For the sake of argument suppose that on a single CPU machine with a
nice==19 hard spinner and a nice==0 hard spinner running that the nice==0
task gets 95% of the CPU and the nice==19 task gets 5% of the CPU. Now
suppose that there is a system with 2 CPUs and 2 nice==19 hard spinners and
2 nice==0 hard spinners running. The user of this system would be entitled
to expect that the nice==0 tasks each get 95% of a CPU and the nice==19
tasks only get 5% each. However, whether this expectation is met is pretty
much down to luck as there are four equally likely distributions of the
tasks to the CPUs that the load balancing code will consider to be balanced
with loads of 2.0 for each CPU. Two of these distributions involve one
nice==0 and one nice==19 task per CPU and in these circumstances the users
expectations will be met. The other two distributions both involve both
nice==0 tasks being on one CPU and both nice==19 being on the other CPU and
each task will get 50% of a CPU and the user's expectations will not be
met.
Solution:
The solution to this problem that is implemented in the attached patch is
to use weighted loads when determining if the system is balanced and, when
an imbalance is detected, to move an amount of weighted load between run
queues (as opposed to a number of tasks) to restore the balance.
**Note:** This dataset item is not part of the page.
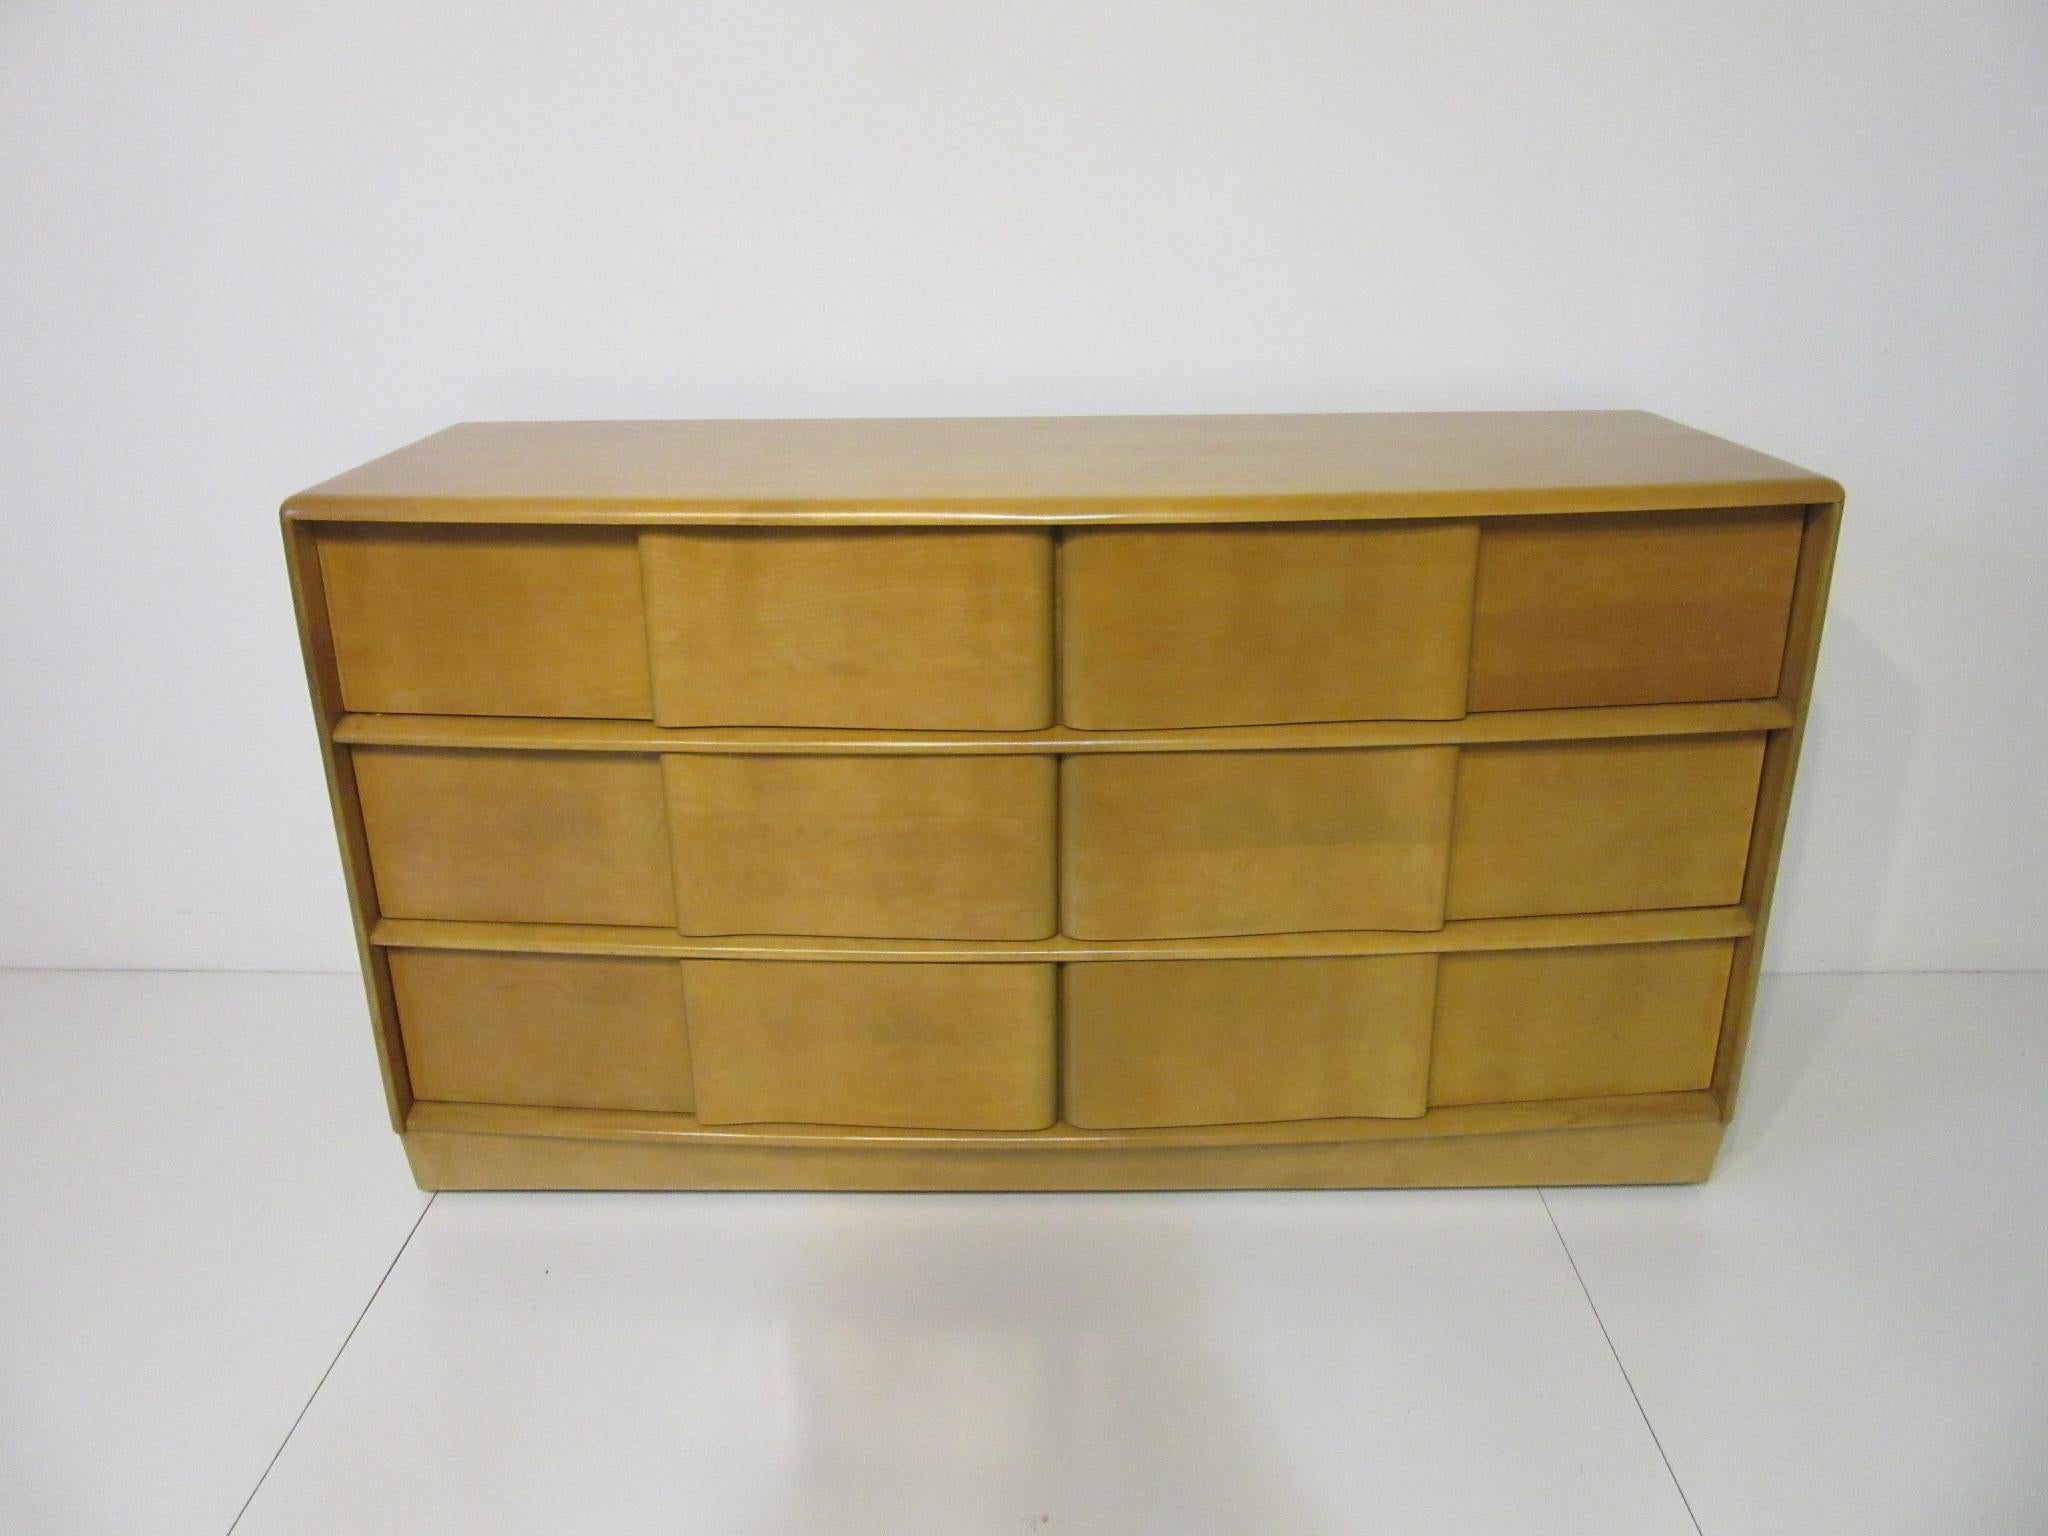 A larger sculptural front six-drawer solid wood dresser in a wheat tone finish with wheels and plenty of storage, this restored piece is from the Sculptura collection manufactured by the Heywood-Wakefield Furniture company.

Once
again, the easiest way to explain why both of these measures are necessary
is to use a simple example. Suppose that (in a slight variation of the
above example) that we have a two CPU system with 4 nice==0 and 4 nice=19
hard spinning tasks running and that the 4 nice==0 tasks are on one CPU and
the 4 nice==19 tasks are on the other CPU. The weighted loads for the two
CPUs would be 4.0 and 0.2 respectively and the load balancing code would
move 2 tasks resulting in one CPU with a load of 2.0 and the other with
load of 2.2. If this was considered to be a big enough imbalance to
justify moving a task and that task was moved using the current
move_tasks() then it would move the highest priority task that it found and
this would result in one CPU with a load of 3.0 and the other with a load
of 1.2 which would result in the movement of a task in the opposite
direction and so on -- infinite loop. If, on the other hand, an amount of
load to be moved is calculated from the imbalance (in this case 0.1) and
move_tasks() skips tasks until it find ones whose contributions to the
weighted load are less than this amount it would move two of the nice==19
tasks resulting in a system with 2 nice==0 and 2 nice=19 on each CPU with
loads of 2.1 for each CPU.
One of the advantages of this mechanism is that on a system where all tasks
have nice==0 the load balancing calculations would be mathematically
identical to the current load balancing code.
Notes:
struct task_struct:
has a new field load_weight which (in a trade off of space for speed)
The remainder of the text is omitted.